Section 11 of CPC deals with the Principle of Res judicata which states that-
No Court shall try any suit or issue in which the matter directly and substantially in issue has
been directly and substantially in issue in a former suit between the same parties, or between
parties under whom they or any of them claim, litigating under the same title, in a Court
competent to try such subsequent suit or the suit in which such issue has been subsequently
raised, and has been heard and finally decided by such Court.
In the given case the marriage between the parties was the matter directly in issue and has
been decided by the court of competent jurisdiction. By specially considering the explanation
VII in the given section it is applicable to the execution petitions also.
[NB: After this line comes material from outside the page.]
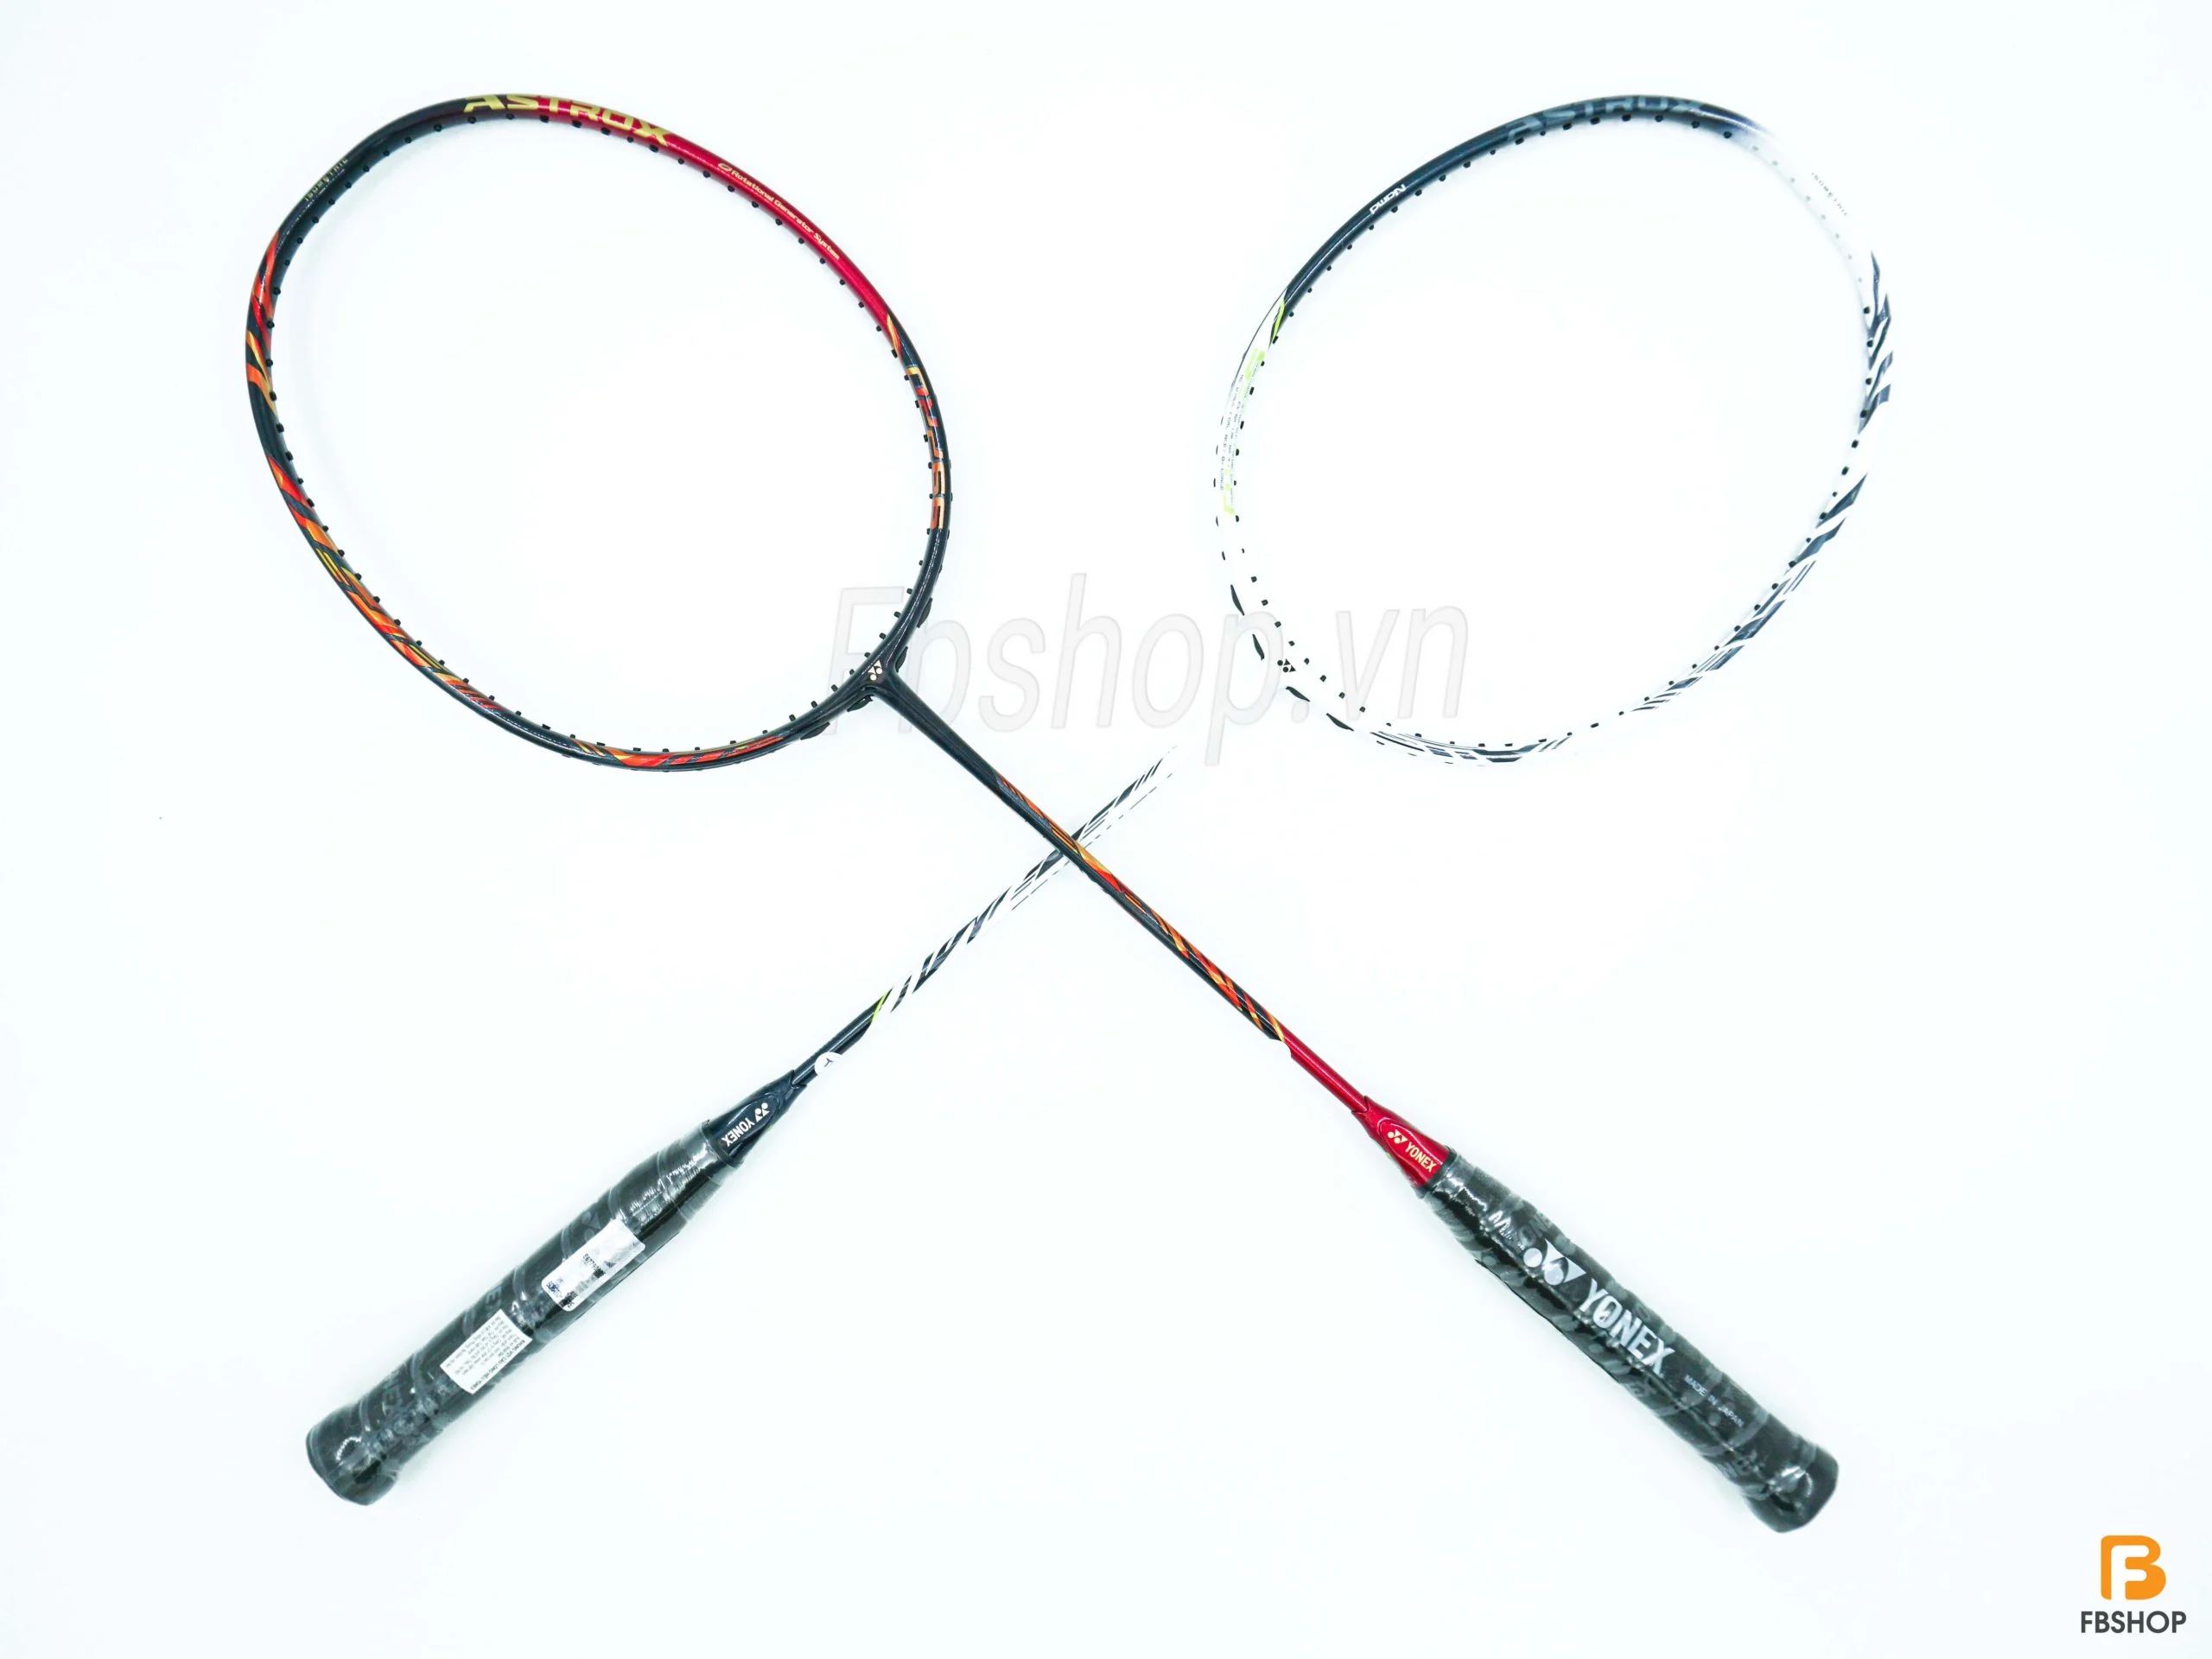 Giới thiệu vợt cầu lông Yonex Astrox 99 Pro

Section 13 of CPC deals with whether the judgement passed by a foreign court is conclusive
are not by considering the points which are stated as follows
A foreign judgment shall be conclusive as to any matter thereby directly adjudicated upon
between the same parties or between parties under whom they or any of them claim litigating
under the same title except—
(b) where it has not been given on the merits of the case;
(c) where it appears on the face of the proceedings to be founded on an incorrect view of
international law or a refusal to recognise the law of 2[India] in cases in which such law is
applicable;
(d) where the proceedings in which the judgment was obtained are opposed to natural justice;
(f) where it sustains a claim founded on a breach of any law in force in.
The judgement given by the foreign court does not fall into any of the exceptions stated
above, hence the judgement of the foreign court is conclusive.
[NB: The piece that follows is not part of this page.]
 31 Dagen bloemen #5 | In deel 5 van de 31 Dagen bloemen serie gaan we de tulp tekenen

Though the HMA, 1955 has not mentioned irretrievable break down as ground of divorce
under S.13, the Supreme Court of India in the case of Munish kakkar v. Nidhi kakkar granted
divorce on the ground of irretrievable breakdown of marriage by utilizing the power of
Article 142 of Indian Constitution. So the ground of irretrievable break down of marriage is
recognized in India and is not against the law of India and does not fall in the exception of
Sec.13(3) of CPC.
In Marine Geotechnics LLC v/s Coastal Marine Construction & Engineering Ltd, the court
referred to the judgement of Raj Rajendra Sardar Maloji Marsingh Rao Shitole vs Sri Shankar
Saran and Ors. and stated that sec 13 of CPC is a substantive law not a mere procedure and
S. 13 makes no distinction between judgments of a court in a reciprocating territory and those
of courts in non-reciprocating territories. It also opined that an ex-parte decree is not
necessarily one that is always, and ipso facto, not on merits. If a court has considered and
weighed the plaintiffs’ case and assessed his evidence, it will be on merits, notwithstanding
that it is ex-parte.
In the case of Ganjan Sheshadri Pandharpuka v. Shanta bai, it was held that even if the
decree is ex parte, it is on the merits of the case it is valid.
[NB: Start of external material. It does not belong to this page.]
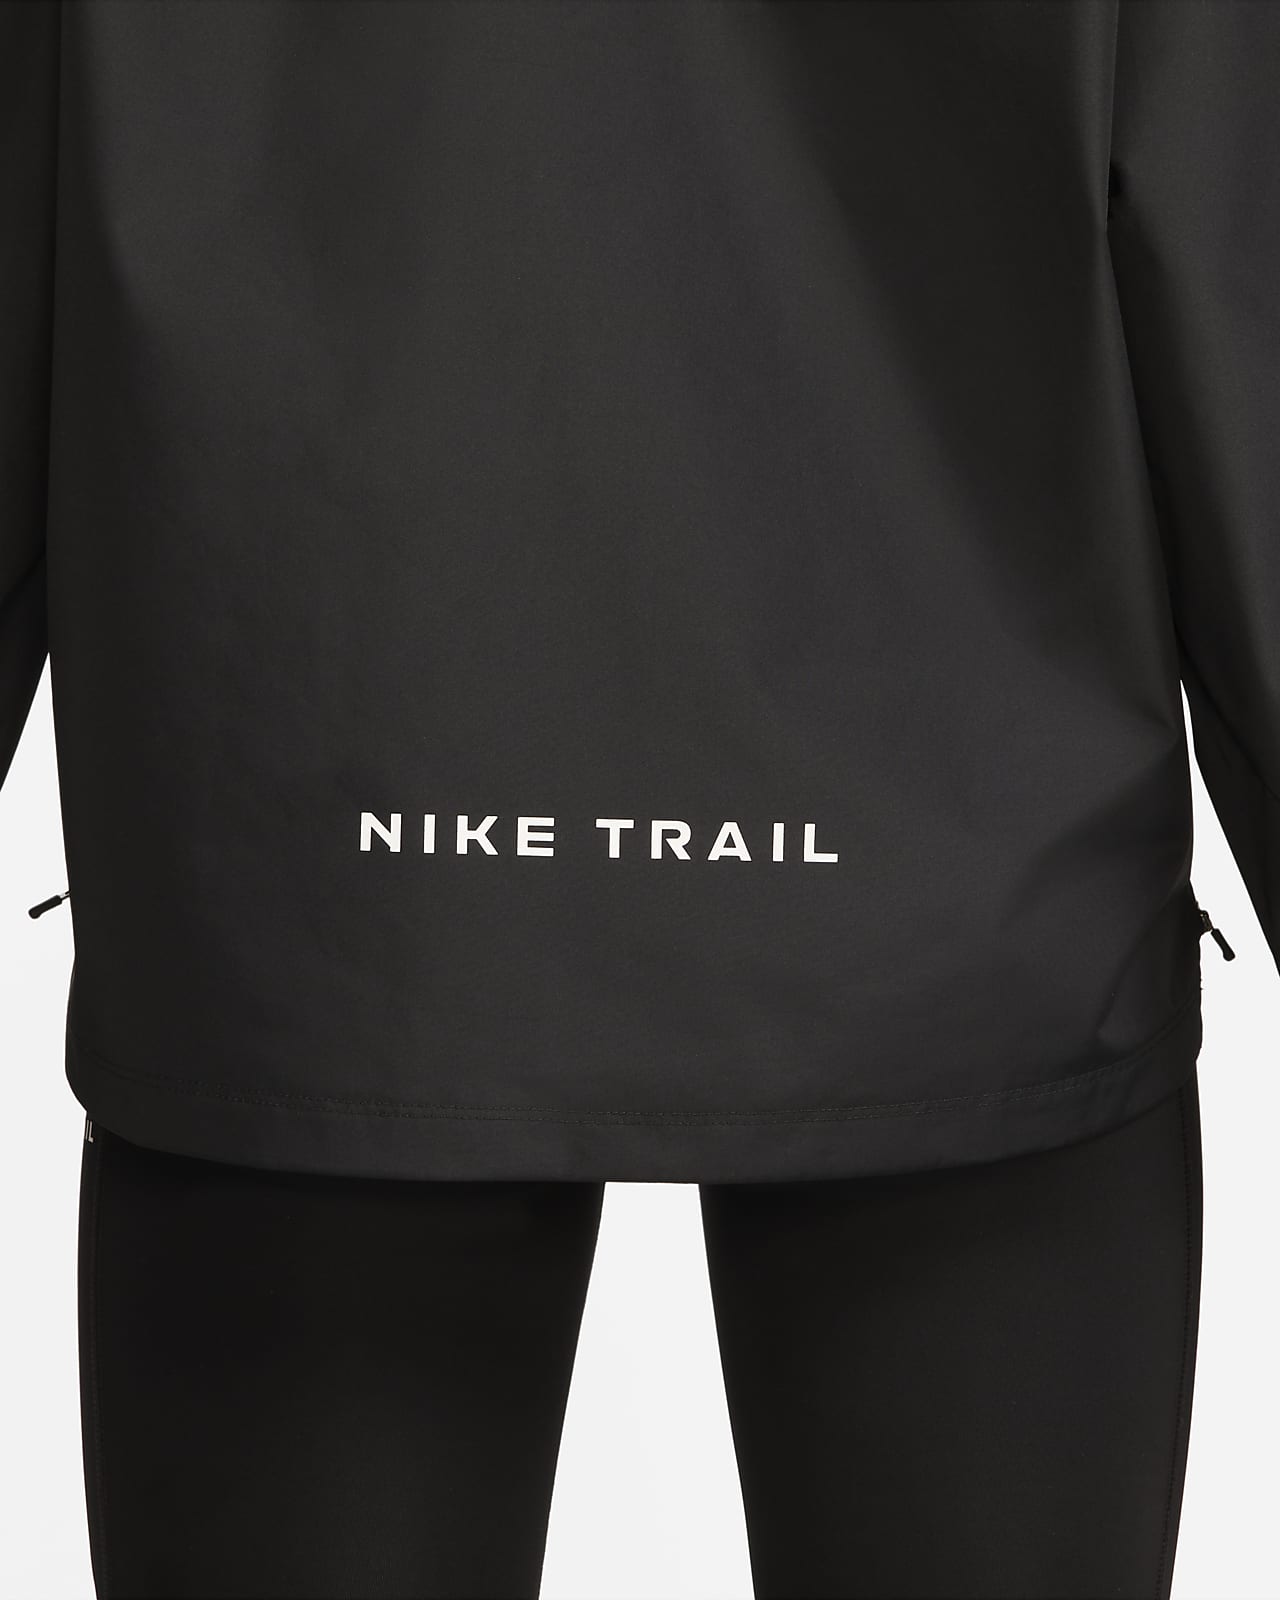 Nike GORE-TEX INFINIUM ™ Women's Trail Running Jacket. Nike AE

S.47decree.—(1) All questions arising between the parties to the suit in which the decree was
passed, or their representatives, and relating to the execution, discharge or satisfaction of the
decree, shall be determined by the Court executing the decree and not by a separate suit.
Hence the judgement is conclusive and the principle of res judicata is applicable to the
present suit.
For This Act of Kindness, the respondent shall duty bound forever pray.